The Board Issues a Supplemental Notice of Proposed Rulemaking on Demurrage Billing Requirements

            In addition to the final rule regarding direct demurrage billing, explained above, on April 30 the Board also issued a Supplemental Notice of Proposed Rulemaking (SNPRM) in Ex Parte 759 requesting comment on modifications and additions to the minimum information requirements proposed in the Notice of Proposed Rulemaking (NPRM) in this proceeding.  Demurrage Billing Requirements Supplemental Notice of Proposed Rulemaking, EP 759 (STB served April 30, 2020).

            In October 2019, the Board issued an NPRM in this proceeding “to propose changes to its existing demurrage regulations to address several issues regarding carriers’ demurrage billing practices.”  Id., slip op. at 1.  The NPRM proposed requirements for minimum information to be included on or with Class I rail carriers’ demurrage invoices.  Id., slip op. at 2.  The NPRM also proposed requiring Class I carriers to directly bill a shipper for demurrage when the shipper and warehouseman agree to such an arrangement.  Id.  Based on the comments received on the NPRM, the Board decided to issue a final rule regarding the direct billing requirement and an SNPRM regarding the minimum information on demurrage invoices proposal.  Id., slip op. at 2-3.

            Specifically, the NPRM proposed the inclusion of the following information on or with invoices:

  • the unique identifying information (e.g., reporting marks and number) of each car involved;
  • the following shipment information, where applicable:
    • the date the waybill was created;
    • the status of each car as loaded or empty;
    • the commodity being shipped (if the car is loaded);
    • the identity of the shipper, consignee, and/or care-of party, as applicable; and
    • the origin station and state of the shipment;
  • the dates and times of:
    • actual placement of each car;
    • constructive placement of each car (if applicable and different from actual placement);
    • notification of constructive placement to the shipper, consignee, or third-party intermediary (if applicable); and
    • release of each car; and
  • the number of credits and debits attributable to each car (if applicable).
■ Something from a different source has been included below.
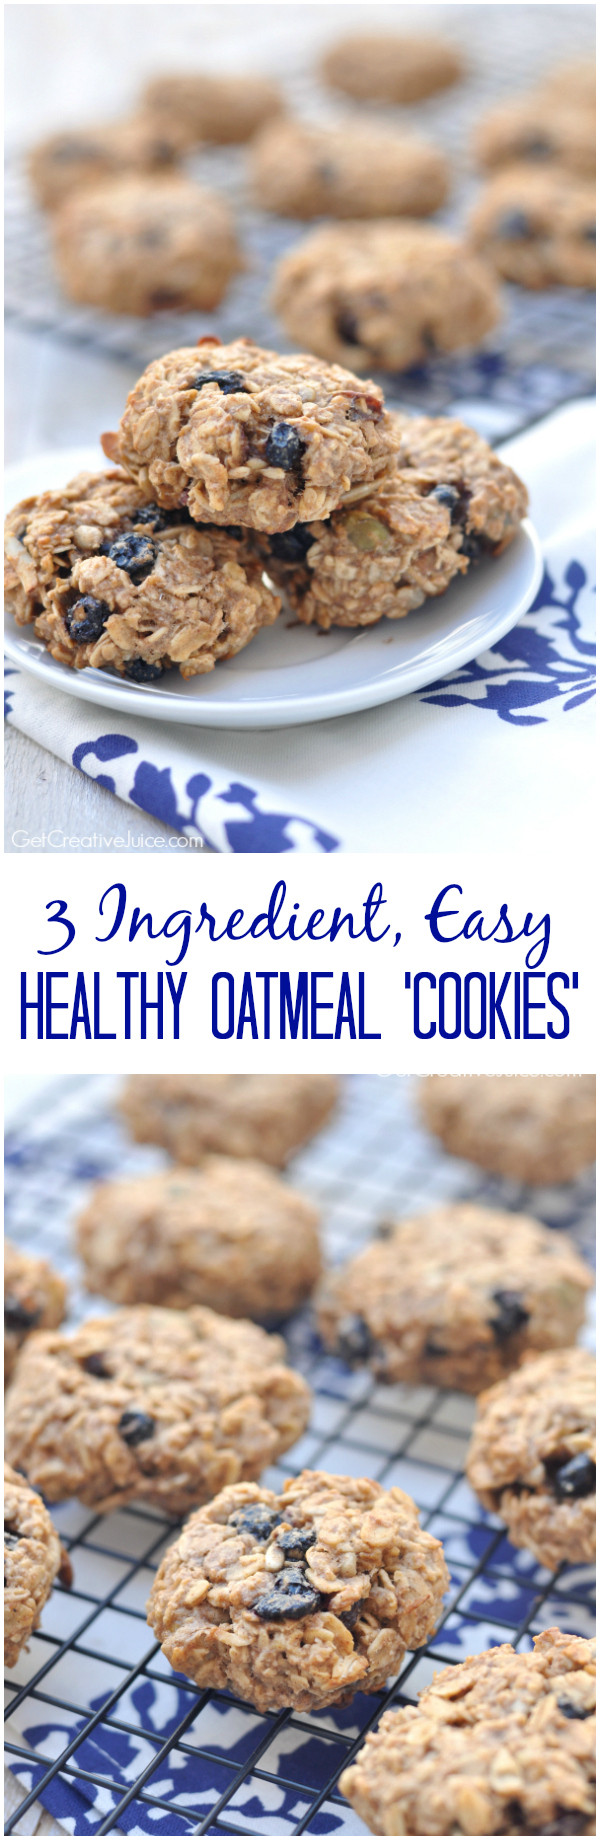 Easy Healthy Oatmeal Cookies Best 20 Easy 3 Ingre Nt Healthy Oatmeal Cookies Creative Juice
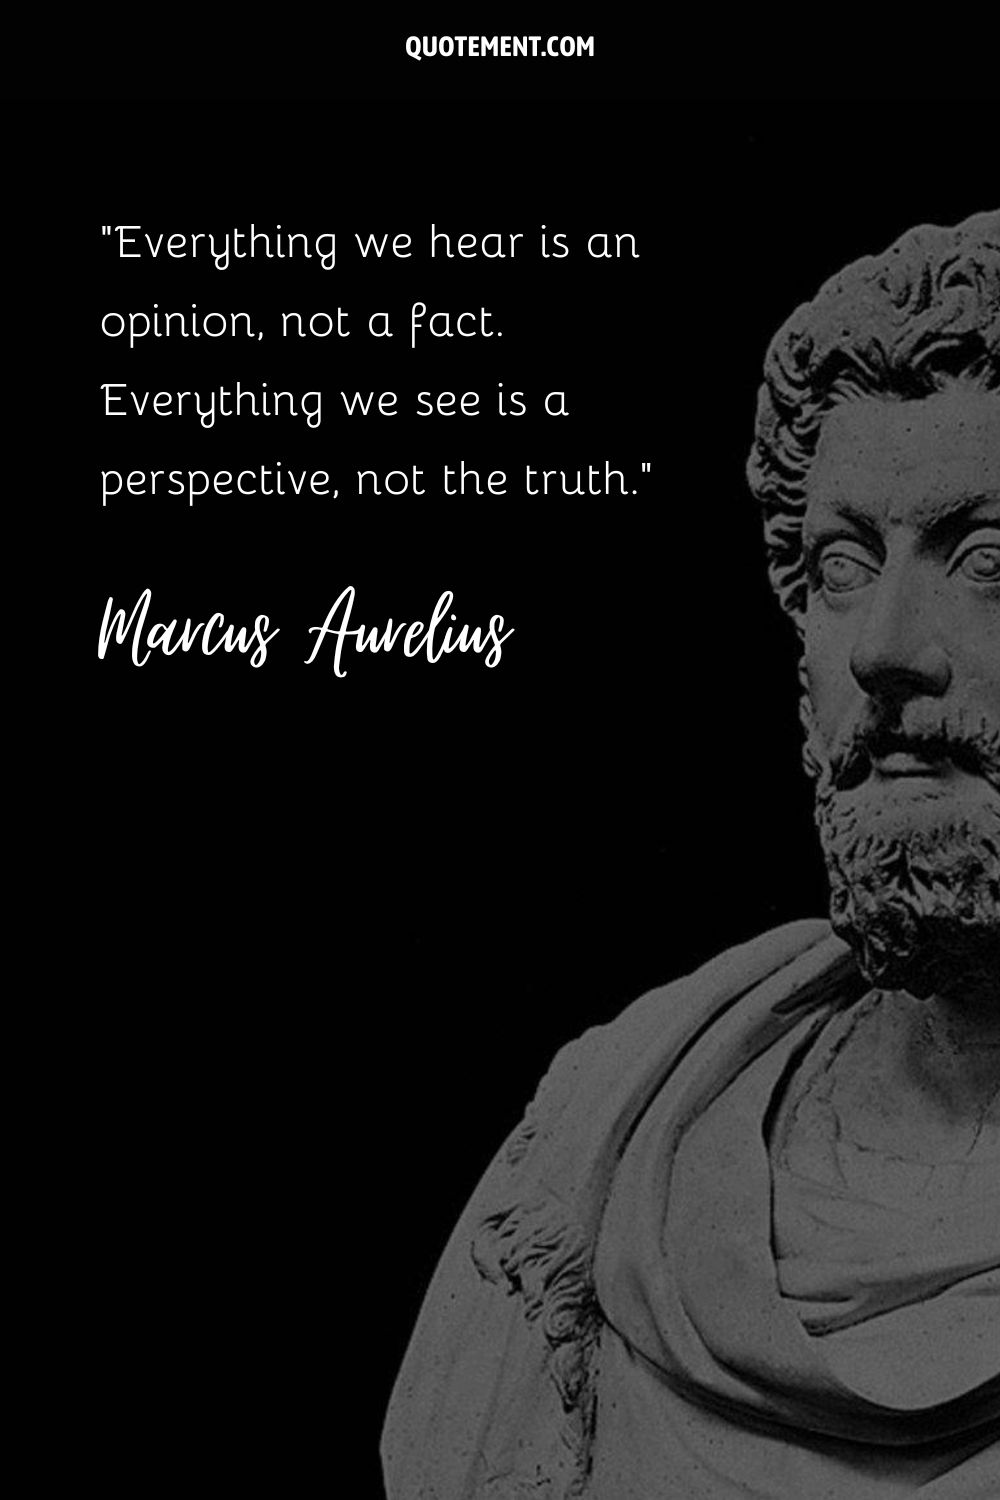 Emperor Marcus Aurelius statue representing the greatest Marcus Aurelius quote.

Id., slip op. at 3-4.  In the NPRM, the Board also proposed requiring that, prior to sending demurrage invoices, Class I carriers “take ‘appropriate action to ensure that the demurrage charges are accurate and warranted, consistent with the purpose of demurrage.’”  Id., slip op. at 4 (quoting NPRM, slip op. at 10). 

            In this SNPRM, the Board proposed to require the following additional information on or with demurrage invoices:

  1. the date range (i.e., the billing cycle) covered by the invoice;
  2. the original estimated date and time of arrival (ETA) of each car (as established by the invoicing carrier) and the date and time each car was received at interchange (if applicable), either on or with each invoice or, alternatively, upon reasonable request from the invoiced party; and
  3. the date and time of each car ordered in (if applicable).

Id., slip op. at 5.  In the SNPRM, the Board also stated that it is considering “requiring that Class I carriers provide access to demurrage invoicing data in machine-readable format.”  Id.  The Board requested comment on these additional proposed requirements.

            In addition, the Board in the SNPRM requested further comment “from the Class I carriers regarding what actions they currently take, and from all stakeholders on what actions Class I carriers reasonably should be required to take, to ensure that demurrage invoices are accurate and warranted.”  Id., slip op. at 11.

            Comments on this SNPRM were due on June 5, 2020.  Replies are due July 6, 2020.